Check the references
Once you narrow down your list, call the references. Ask for three references from different periods of time. Since small contractors often change their staffs quickly, a reference from four years ago might not apply to the staff a contractor has today.

You can also contact the Better Business Bureau to check for any complaints against the contractor.

When talking to references, ask open-ended questions. "Don't ask, 'Do you think the contractor was a good contractor?'" says Winans. "Most people will say yes. Ask a question like, 'Tell me about something that occurred that made you think this was a good contractor.'"

Eugene Baldwin, a home improvement specialist with Clinton, Md.-based contracting firm Amerideck, suggests taking it a step further and going to see the work the contractor has already done, if possible.
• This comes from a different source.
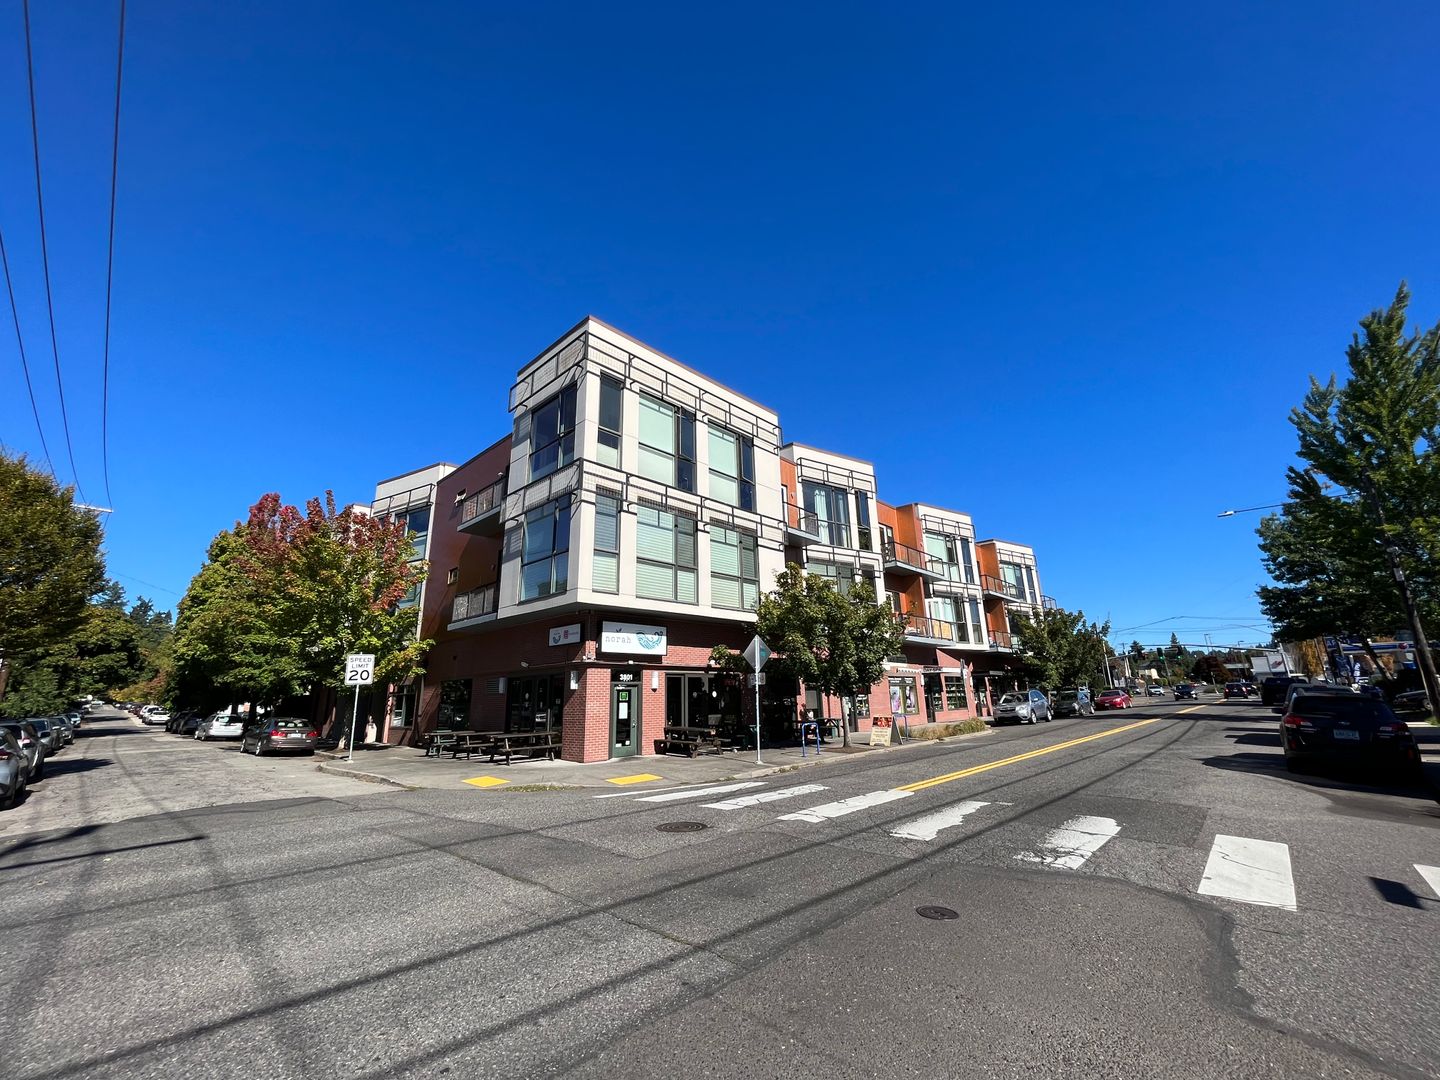 2 Bed + 2 Bath Condo in the Belmont District Portland ~ Secured Garage Parking, Washer & Dryer in Unit & Heated Bathroom Floors!!

Be wary of contractors that come looking for you. Also, get everything in writing and check the contractor out with trade organizations to see if he is legitimate.

If anyone demands all of the money upfront, steer clear. Likewise, a contractor that demands to be paid in cash is one you'll want to avoid as well. Any contractor you use should have a physical mailing address rather than a post-office box.

While cost is an important factor, don't assume that the contractor who offers the lowest price is the best one. If two contractors offer similar estimates and a third offers one that's extremely low, be wary. An experienced professional wants to get your business, but isn't likely to undercut himself in the process.

Once you make your choice, look carefully at the contract. If you're not sure about something, ask. Make sure it describes the job in detail and lists all materials that will be used. Also, make sure it lays out what is included and what is not.

The contract should also specify what will be done when the job is complete. You don't want to be stuck cleaning up after the contractors. If a contractor fails to pay for materials, a lien can be placed on your home. To avoid this, add a release-of-lien clause to your contract. Finally, any warranties or guarantees should be spelled out in the contract as well.

While it may seem like you are going through a lot of work, consider the amount of money you're planning to spend on your project.

The more time you invest upfront, "the less likely it is you're going to be scammed," says Winans.